Radio performance can be a very sterile experience. You are in this very acoustically dry studio, are given the signal and then have to play without any sense of audience energy or feedback. It can feel like a soulless environment and a rather unforgiving one. That said, it can also be very liberating, feeling like you are alone in this silent space that allows you to surrender entirely to your thoughts. Summoning the adrenaline to perform can sometimes be a little trickier. When Arthur Schnabel became the first person to record the Beethoven sonatas, he apparently insisted the record company pre sell the albums and he then kept a copy of all the names of people who had ordered on the piano during the recording process to feel like he had an audience. I love that story! In terms of a young performer approaching radio performance for the first time: remember that the crew around you are your best friends who only want to help make you sound better on air. Trust the crew that they know what to do to make you sound your best. Never forget you're surrounded by microphones and one small accident could have you unknowingly on air so always be professional and don't say anything around a microphone that you don't want the world to hear.

And the scarier bit - talking after your performance! What advice do you have for people who have never spoken live on air before? 

Be yourself! It's amazing how any fakeness about you is immediately perceptible to the audience. You must be natural and just chat like you would with a group of friends. In a setting like this there aren't likely to be any trick questions or things you shouldn't know so there is no need to stress. In the particular context of The Talent, an important thing to remember is that even if you were unhappy with how you performed, it almost certainly came across better to the panel and audience so you must put those thoughts aside and leave any negativity at the door when you enter the studio so you can maintain a bright and friendly demeanour on air.

For the people listening from home, what can you take away from tuning into an episode of The Talent, even if you weren't performing in it yourself?

I think people who love music always find the deconstruction and constructive criticism of it interesting and educational. Certainly students can learn a great deal about their own instrument and repertoire but music lovers can perhaps be opened up to new genres of repertoire and ways of thinking about interpretation.
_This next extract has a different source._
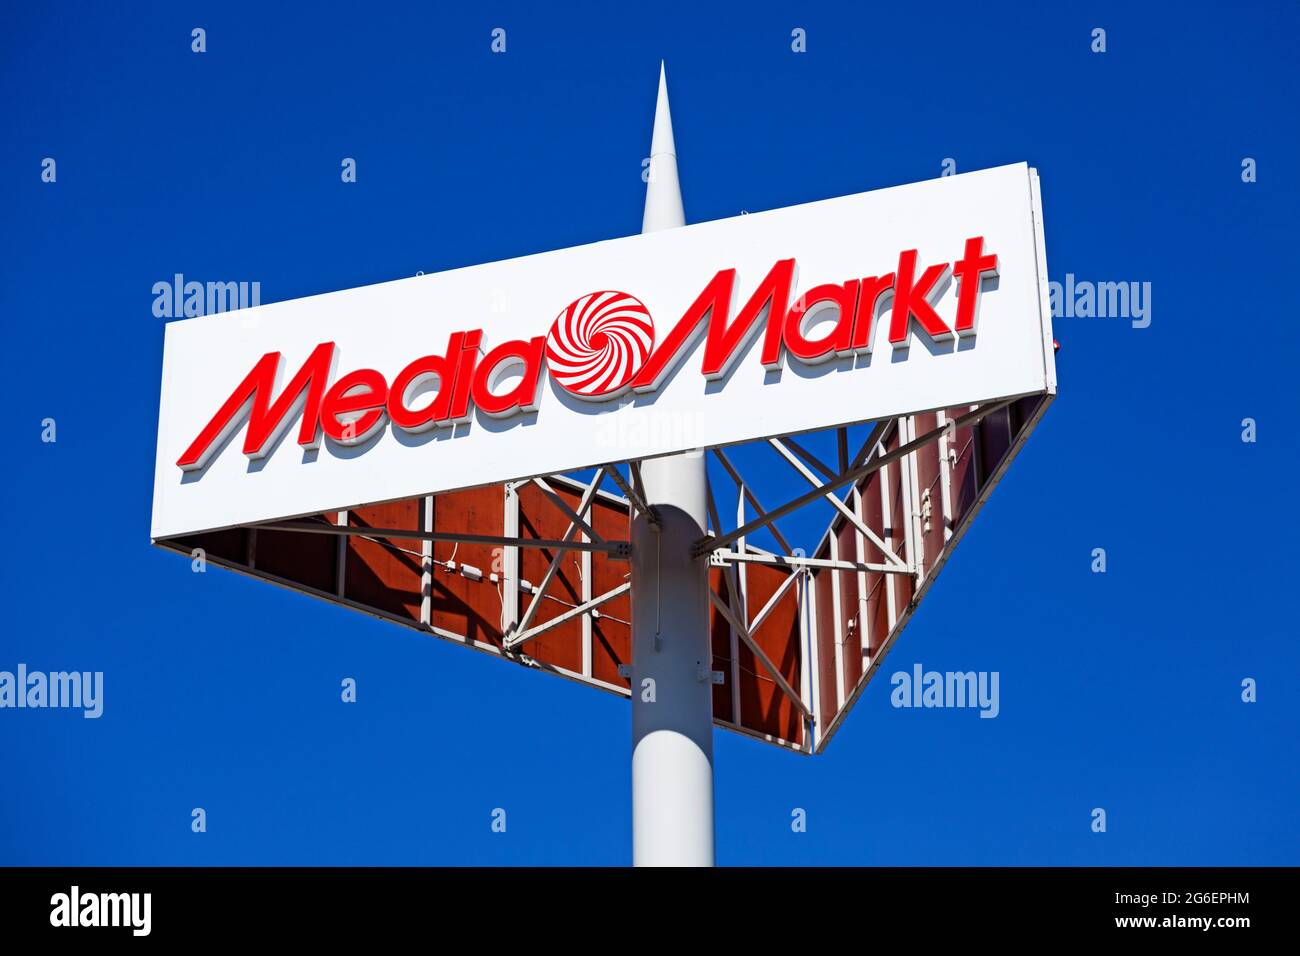 AMSTERDAM, NETHERLANDS - JULY 8, 2017: Media Markt store in Amsterdam. Media  Markt is the largest consumer electronics store chain in Europe Stock Photo  - Alamy

One thing I often find interesting is that well read music lovers who are not trained musicians often have very finely honed ears and can identify very quickly what is really good playing and what doesn't grab them as much but often don't have the language to express why they react in this way. Hearing professionals criticise the performers can often provide revelations as to why they think the way they do about something. Of course there can also be fantastic opportunities for listeners to disagree strongly with what we as panelists thought! Occasionally there will be a great disagreement between the panelists too and that certainly makes interesting radio!

As a performer yourself, what advice do you have for the young musicians starting their performance journey?

Be prepared to fight for what you want and know that to really master what you are doing will take years and many countless hours of blood, sweat and tears. Know that there will be many, many days of disappointment and that they are the most important days in shaping who you finish up as. And know that what you are doing is important, special work that has the ability to transform lives. The world more than ever needs those whose preoccupation is on creating meaning and beautiful get to it!